In Dangerous Twist, Town In England Reverses Ban On 83-Year-Old Man High-Fiving Children As They Cross The Street

ITV News- A lollipop man has been banned from giving children a ‘high five’ as they cross the road safely over fears it distracts him from his job.

Colin Spencer, 83, has been a lollipop man in Stockport for 14 years and the highlight of his day is greeting children he helps get to school safely with a cheerful high five.

But Stockport Council have said it is a distraction from his duties, leaving him and the children he looks out for heartbroken.

“I’ve never had a child hurt in 14 years,” he said. “I’ve never been hurt myself. If they sack me, that’s fair enough, that’s their business.”

An incredibly sensible ban has been reversed due to a couple angry, shortsighted parents. Look at this guy. There’s no chance he can focus on high-fiving kids and stopping cars from running them over. Once you turn 70, your ability to multi-task declines quicker than your muscle strength. The more that a human looks like a turkey neck, with their elbow skin drooping to their knees, the less that person is able to do 2 things at once. Let old man Spencer keep his cataracts-addled eyes on the road. I’m tired of reading news stories of children dying because old men were high-fiving them instead of spotting that oncoming Range Rover driven by the bankrupt dad who just finished a 48-hour bender.

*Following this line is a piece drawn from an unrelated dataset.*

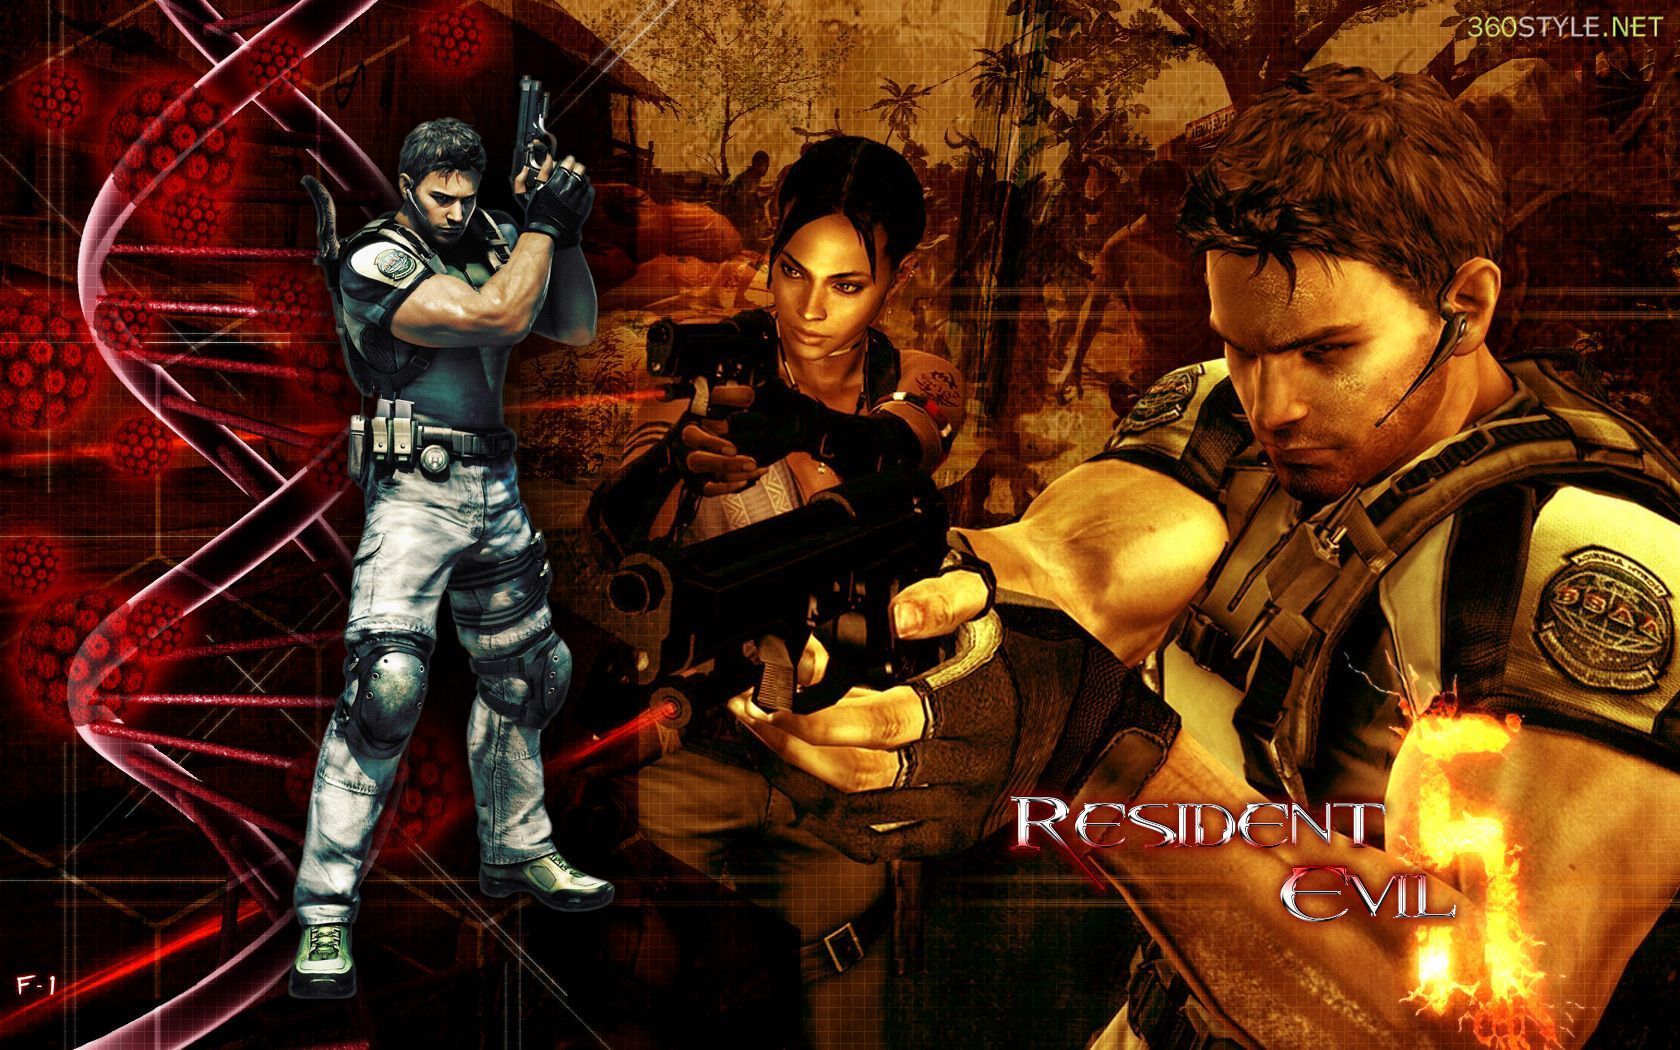 Resident Evil 5 Wallpapers - Resident Evil 5 Message Board for ...

More importantly, why is he high-fiving these kids? What’s his motive? That old warning of “never get into a van with a stranger offering you candy” is so outdated. We need to start teaching our kids new lessons, because these sickos have adapted. They figured out that WE had figured them out with their vans and candy, so they evolved and are now one step ahead of parents and children. Well, I guess they’re always a step ahead of children, because children are stupid. But we, as responsible adults, need to add “don’t high five traffic lollipop men” to that list. It’s a slippery slope! One day, little Mikey is high-fiving the friendly old traffic guy; the next, he’s rubbing essential oils into his droopy ass cheeks behind Sam’s Club. Why? Because a year of high-fives built up trust! That’s the way they get ya. High-fives are the gateway drug to some very bad behavior. It’s a long con, and we need to prepare our children for it.

PS- I love British English. Lollipop man is not a term I’d ever heard before.